John Hanc may have the answer. When he turned 50 he gave himself the birthday present to end all others--a trip to the end of the Earth to run his most unforgettable race.
The Coolest Race on Earth is both Hanc’s story and the story of the Antarctica Marathon, first held in 1995 and now an annual event that sells out years in advance. It’s full of humor, adventure, and inspiring characters--including a wheelchair-bound competitor, three record-breaking grandmothers, and an ex-Marine who described the race as “the hardest thing I ever did in my life, next to Vietnam.”

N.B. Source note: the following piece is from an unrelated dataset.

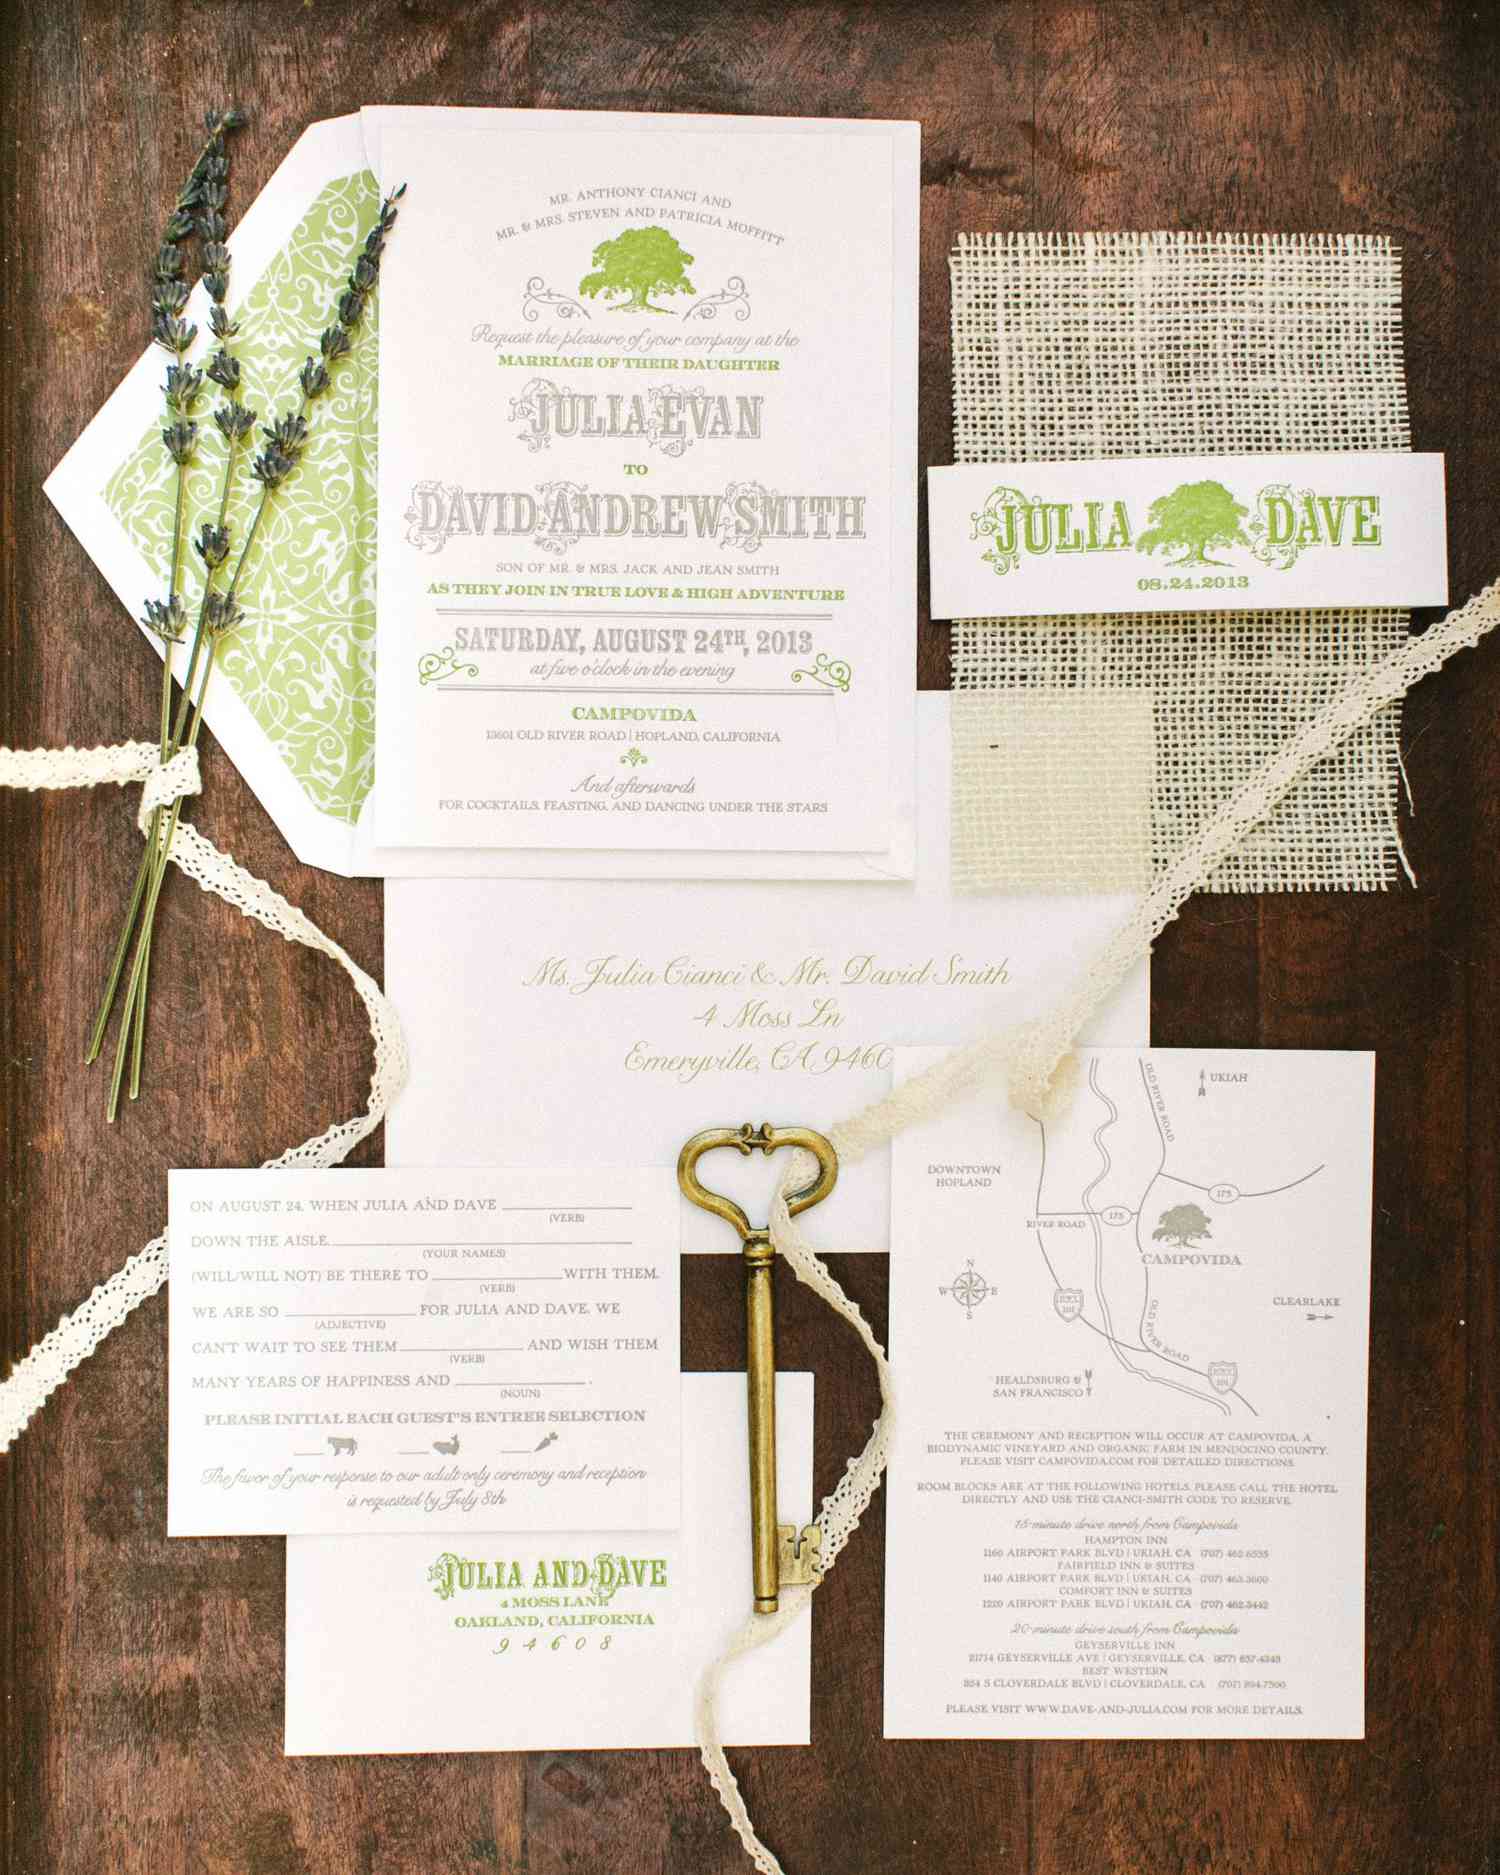 julia-dave-wedding-invite-0414.jpg

Muddy, cold, hilly, the race is by all accounts horrible--up and down a melting glacier twice, past curious penguins and hostile skuas, and finally to a bleak finish line. Even the best runners take longer to run the Antarctica Marathon than any other.

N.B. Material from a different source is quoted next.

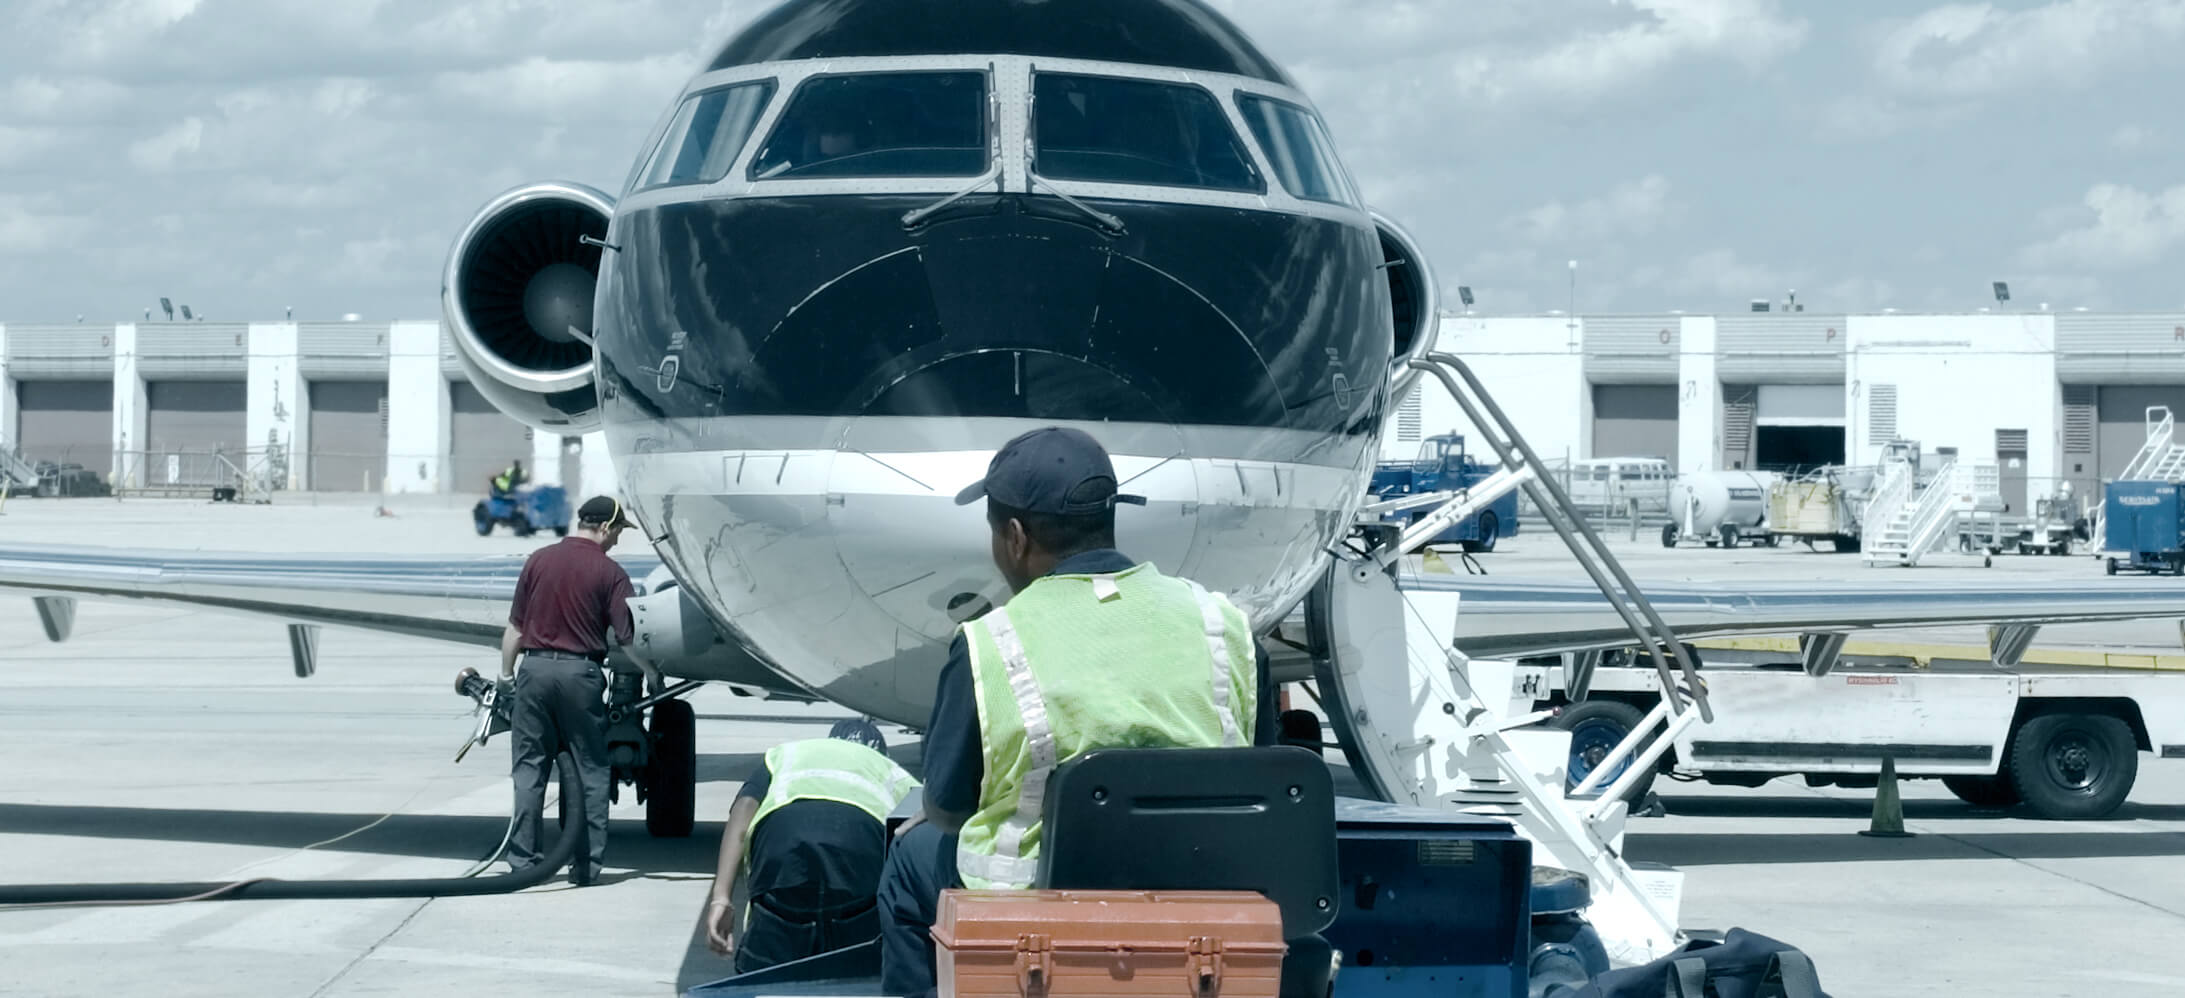 Bringing luggage to an aircraft

Yet the allure of marathon running combined with the fascinating reputation of the Last Continent has persuaded runners to brave a trip across the world’s most turbulent body of water, the Drake Passage, to a land of extinct volcanoes and craggy mountain peaks, lost explorers and isolated scientists, penguin rookeries and whale sightings, all for a chance to run those crazy 26.2 miles. The Coolest Race on Earth brings the world’s most difficult marathon to life in a book that’s not only a ripping read, but also a deeply funny meditation on what makes people run.
Customer Reviews ::
More race description, less history... - ejan33 - Marin County, California USA
Hanc weaves together the history of Antarctic exploration, the running boom of the seventies as exemplified by the Greater Boston Track Club, the founding of the Antarctica Marathon, and his participation in the event in 2005. Perhaps the story would have been more appealing if it had been more descriptive of the 2005 event and less so of the historical Antarctic explorations. However, Hanc does write in his author's note: "...a few moments--come to think of it, maybe even a few miles--of the Antarctica Marathon itself [have been] left a big vague or unaccounted for because I was delirious with pain."